Now, on further simplification we get,

\[\Rightarrow {{\cos }^{2}}\alpha =\dfrac{3}{4}\]

Let us now apply the square root on both the sides

\[\therefore \cos \alpha =\dfrac{\sqrt{3}}{2}\]

Now, from the given expression in the question we have

\[\Rightarrow 3\cos \alpha -4{{\cos }^{3}}\alpha =0\]

Let us now consider the left hand side of the given expression

\[\Rightarrow 3\cos \alpha -4{{\cos }^{3}}\alpha \]

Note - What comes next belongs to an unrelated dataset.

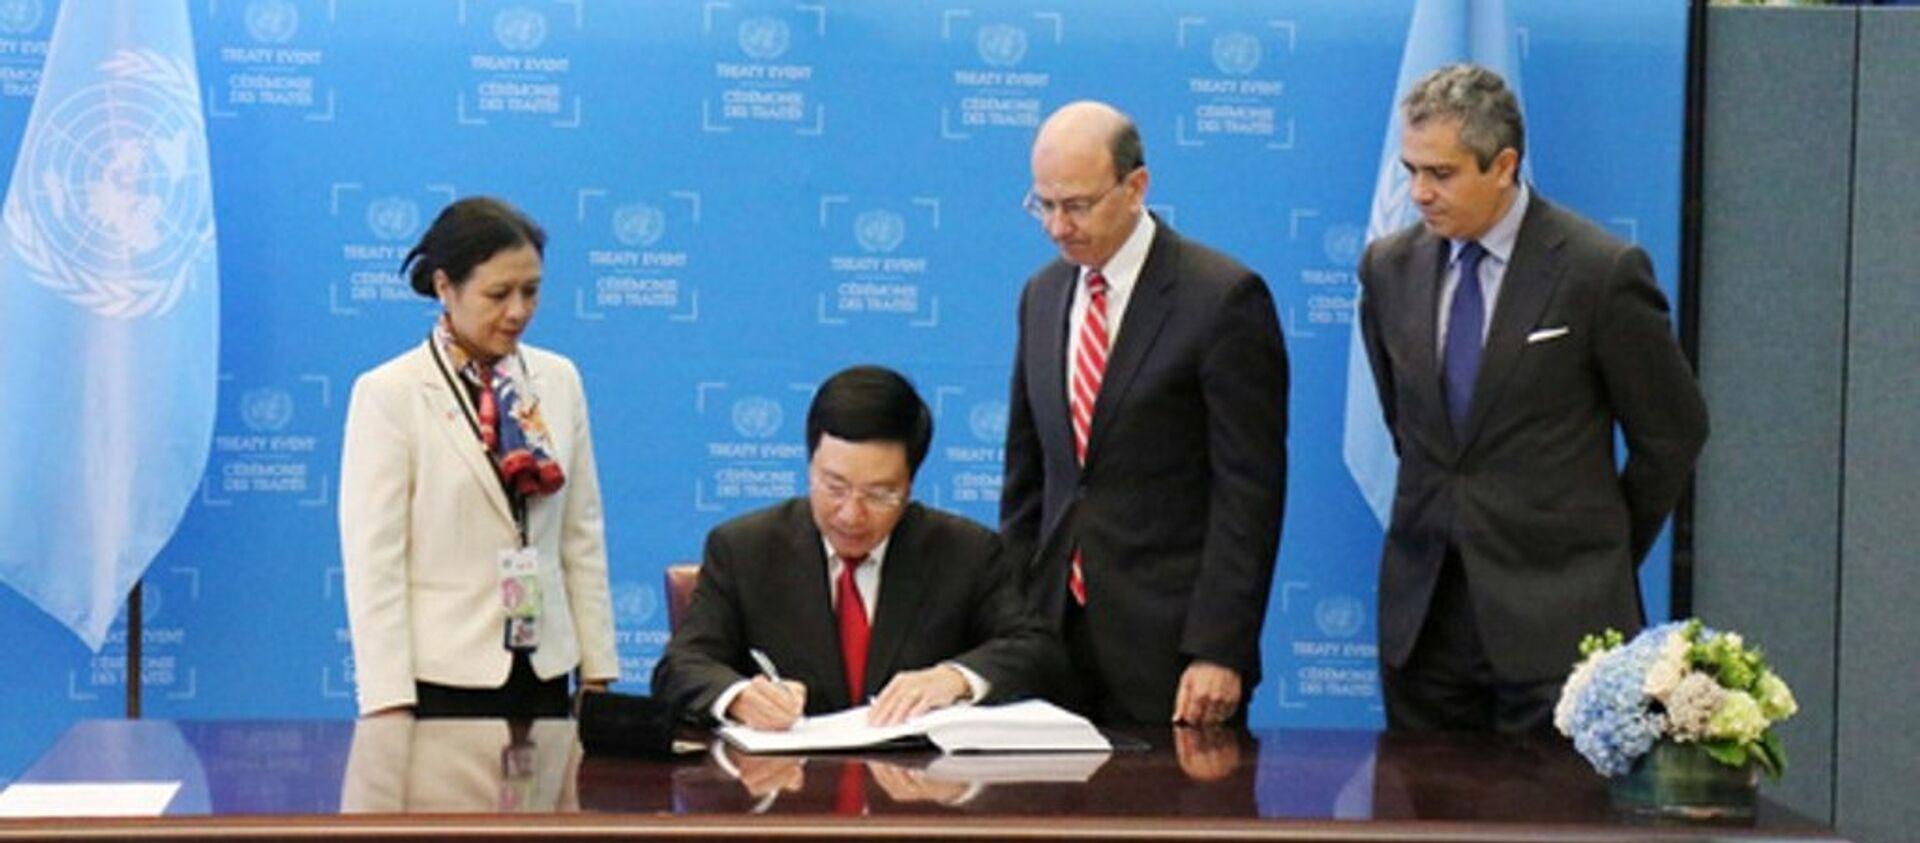 Phó Thủ tướng Phạm Bình Minh ký Hiệp ước Cấm vũ khí hạt nhân - Sputnik Việt Nam, 1920, 23.09.2017

Now, on substituting the value of cosine function in the above expression we get,

\[\Rightarrow 3\left( \dfrac{\sqrt{3}}{2} \right)-4{{\left( \dfrac{\sqrt{3}}{2} \right)}^{3}}\]

Now, this can also be written further as

\[\Rightarrow \dfrac{3\sqrt{3}}{2}-4\left( \dfrac{3\sqrt{3}}{8} \right)\]

Now, on cancelling out the common terms we get,

\[\Rightarrow \dfrac{3\sqrt{3}}{2}-\dfrac{3\sqrt{3}}{2}\]

Now, on further simplification we get,

\[\Rightarrow 0\]

Hence, \[3\cos \alpha -4{{\cos }^{3}}\alpha =0\]



Note:
Instead of finding the cosine value from the sine value using trigonometric identity we can also find it by the trigonometric ratios formula. We need to find the hypotenuse, adjacent and opposite sides to get the value and then further substitute it in the given expression. Both the methods give the same result.

It is important to note that while finding the values we need to be careful about the signs and the calculations because neglecting any of the terms or considering incorrect values changes the result completely.